Tip: USB Ethernet interfaces may appear as eth1, usb0 or enx<MAC> depending on the adapter/OS. Use ip link to see exact names.

DHCP (addresses) with Kea

Why DHCP? Each node needs an IP address and the ability to renew it automatically. DHCP does that. I run the Kea DHCP server on the gateway.

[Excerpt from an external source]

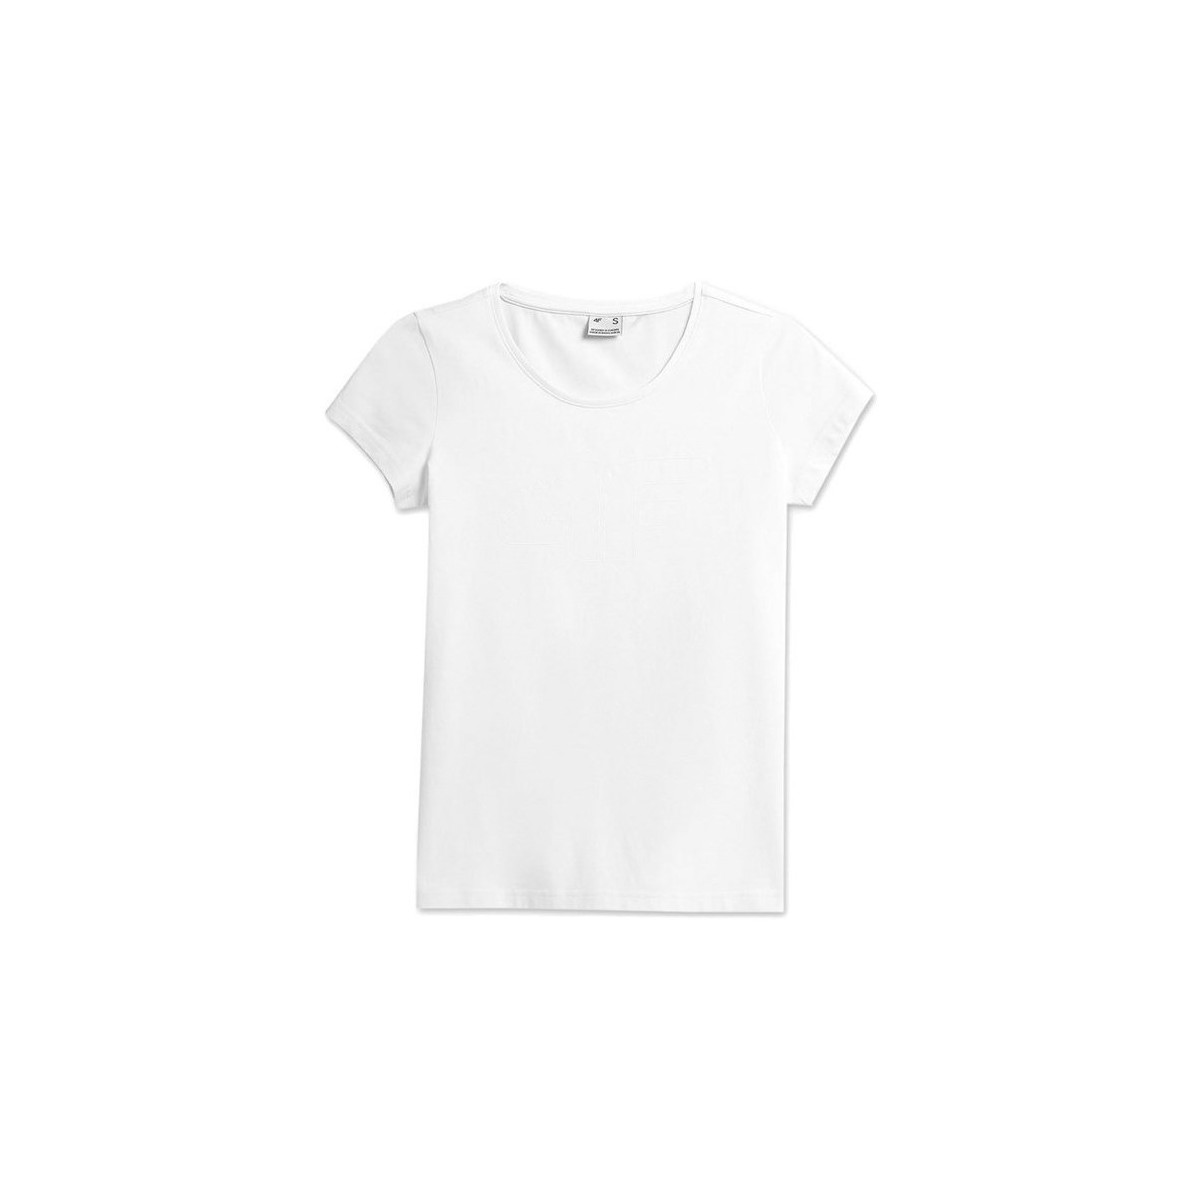 Textil Ženy Trička s krátkým rukávem 4F TSD353 Bílá

Deterministic addressing: To make management and DNS easier, I use reservations by MAC address so every node always gets the same IP (no guessing which host has which address). In Kea this is called a host reservation.

Practical notes

  • Keep a small dynamic pool for temporary devices, and reservations for cluster nodes.
  • Record each node’s MAC → hostname/IP in version control alongside your Ansible inventory.
  • Set sensible lease timers (e.g., hours, not days) so changes roll out quickly during setup.
DHCP configuration (kea.conf.j2)
{
"Dhcp4": {
"valid-lifetime": 7200,
"renew-timer": 600,
"rebind-timer": 1200,
"interfaces-config": {
"interfaces": [ "eth0" ]
},
"lease-database": {
"type": "memfile",
"persist": true,
"name": "/var/lib/kea/dhcp4.leases"
},
"dhcp-ddns" : {
"enable-updates" : true,
"server-ip" : "127.0.0.1",
"server-port" : 53001,
"max-queue-size" : 2048,
"ncr-protocol" : "UDP",
"ncr-format" : "JSON"
},
"ddns-qualifying-suffix": "armorique.local.",
"subnet4": [
{
"subnet": "{{ dhcp_subnet }}",
"pools": [
{
"pool": "{{ dhcp_range_start }} - {{ dhcp_range_end }}"
}
],
"reservations": [
{% for host in groups['k3s_agents'] %}
{
"hw-address": "{{ hostvars[host]['mac_address'] }}",
"ip-address": "{{ hostvars[host]['ansible_host'] }}",
"hostname": "{{ host }}"
}{% if not loop.last %},{% endif %}
{% endfor %}
],
"option-data": [
{
"name": "routers",
"data": "{{ dhcp_gateway }}"
},
{
"name": "domain-name-servers",
"data": "8.8.8.8, 8.8.4.4"
},
{
"name": "domain-name",
"data": "{{ domain_name }}"
}
]
}
],
"loggers": [
{
"name": "kea-dhcp4",
"output_options": [
{
"output": "/var/log/kea-dhcp4.log"
}
],
"severity": "INFO"
}
]
}
}

DNS (names) with BIND 9

Why DNS? Humans use names; software logs are nicer too. I run BIND 9 on the gateway for local name resolution.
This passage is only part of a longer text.